You also need to set your openai api key as environment variable before. You can find more information abou this by refering [Best Practices for API Key Safety
](https://help.openai.com/en/articles/5112595-best-practices-for-api-key-safety) 

In [7]:
import os
import wget

assert os.environ["OPENAI_API_KEY"] != None

## Load Dataset

We then need to load the dataset we are used in this example.

In [8]:
embeddings_path = "https://raw.githubusercontent.com/awa-ai/awadb/main/tests/state_of_the_union.txt"
file_path = "state_of_the_union.txt"

if not os.path.exists(file_path):
    wget.download(embeddings_path, file_path)
    print("\nFile downloaded successfully.")
else:
    print("File already exists in the local file system.")
    
# Load the data file
from langchain.document_loaders import TextLoader
loader = TextLoader(file_path)

File already exists in the local file system.


### Split the text
Then we are going to preprocessing the text.

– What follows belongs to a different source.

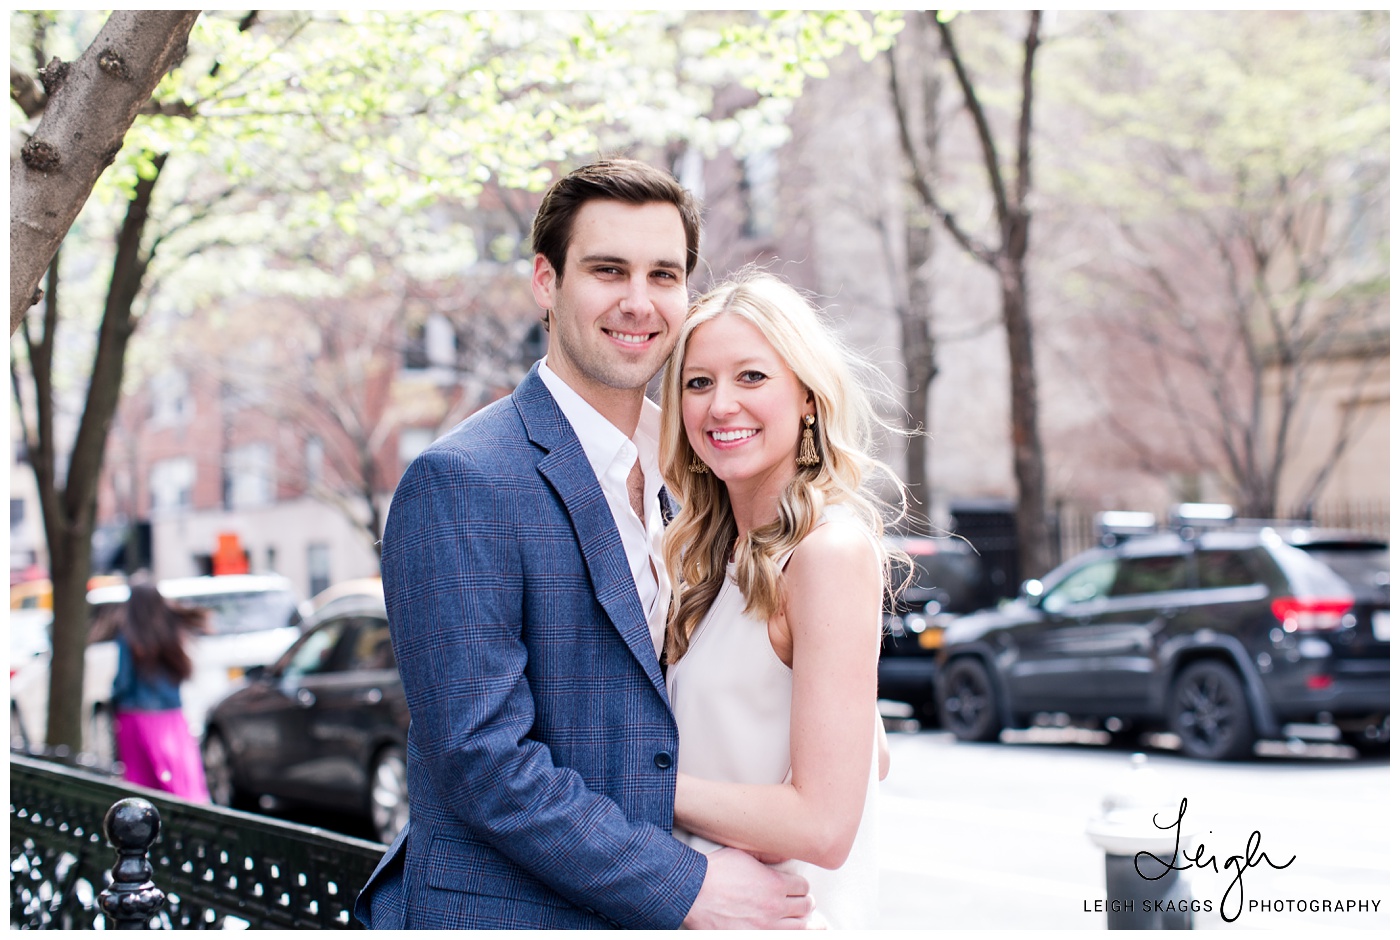 Gramercy Park Engagement session in New York City!

Briefly, we split the text data into chunks of size 40, with an overlap of size 5 between neighboring chunks

In [9]:
# Transform to document
data = loader.load()
print(f'documents:{len(data)}')

# Initialize tex spilitter
from langchain.text_splitter import CharacterTextSplitter
text_splitter = CharacterTextSplitter(chunk_size=40, chunk_overlap=5)
# Split the document
split_docs = text_splitter.split_documents(data)
print("split_docs size:",len(split_docs))

Created a chunk of size 164, which is longer than the specified 40
Created a chunk of size 75, which is longer than the specified 40
Created a chunk of size 95, which is longer than the specified 40
Created a chunk of size 71, which is longer than the specified 40
Created a chunk of size 78, which is longer than the specified 40
Created a chunk of size 169, which is longer than the specified 40
Created a chunk of size 122, which is longer than the specified 40
Created a chunk of size 121, which is longer than the specified 40
Created a chunk of size 139, which is longer than the specified 40
Created a chunk of size 181, which is longer than the specified 40
Created a chunk of size 101, which is longer than the specified 40
Created a chunk of size 113, which is longer than the specified 40
Created a chunk of size 129, which is longer than the specified 40
Created a chunk of size 70, which is longer than the specified 40
Created a chunk of size 100, which is longer than the specified 40


Created a chunk of size 95, which is longer than the specified 40
Created a chunk of size 47, which is longer than the specified 40
Created a chunk of size 78, which is longer than the specified 40
Created a chunk of size 41, which is longer than the specified 40
Created a chunk of size 46, which is longer than the specified 40
Created a chunk of size 47, which is longer than the specified 40
Created a chunk of size 49, which is longer than the specified 40
Created a chunk of size 55, which is longer than the specified 40
Created a chunk of size 75, which is longer than the specified 40
Created a chunk of size 72, which is longer than the specified 40
Created a chunk of size 72, which is longer than the specified 40
Created a chunk of size 166, which is longer than the specified 40
Created a chunk of size 159, which is longer than the specified 40
Created a chunk of size 124, which is longer than the specified 40
Created a chunk of size 107, which is longer than the specified 40
Create

Created a chunk of size 132, which is longer than the specified 40
Created a chunk of size 132, which is longer than the specified 40
Created a chunk of size 147, which is longer than the specified 40
Created a chunk of size 111, which is longer than the specified 40
Created a chunk of size 101, which is longer than the specified 40
Created a chunk of size 77, which is longer than the specified 40
Created a chunk of size 127, which is longer than the specified 40
Created a chunk of size 76, which is longer than the specified 40
Created a chunk of size 120, which is longer than the specified 40
Created a chunk of size 176, which is longer than the specified 40
Created a chunk of size 177, which is longer than the specified 40
Created a chunk of size 177, which is longer than the specified 40
Created a chunk of size 242, which is longer than the specified 40
Created a chunk of size 183, which is longer than the specified 40
Created a chunk of size 92, which is longer than the specified 4

documents:1
split_docs size: 359


In [10]:
# Save the embedded texts by Awadb
"""
from langchain.vectorstores import AwaDB
db = AwaDB.from_documents(split_docs)

# Set the question
query = "What were the two main things the author worked on before college?"
# Similarity search results
similar_docs = db.similarity_search(query)
print(similar_docs)
"""

texts = [{'embeddingtext':text.page_content} for text in split_docs]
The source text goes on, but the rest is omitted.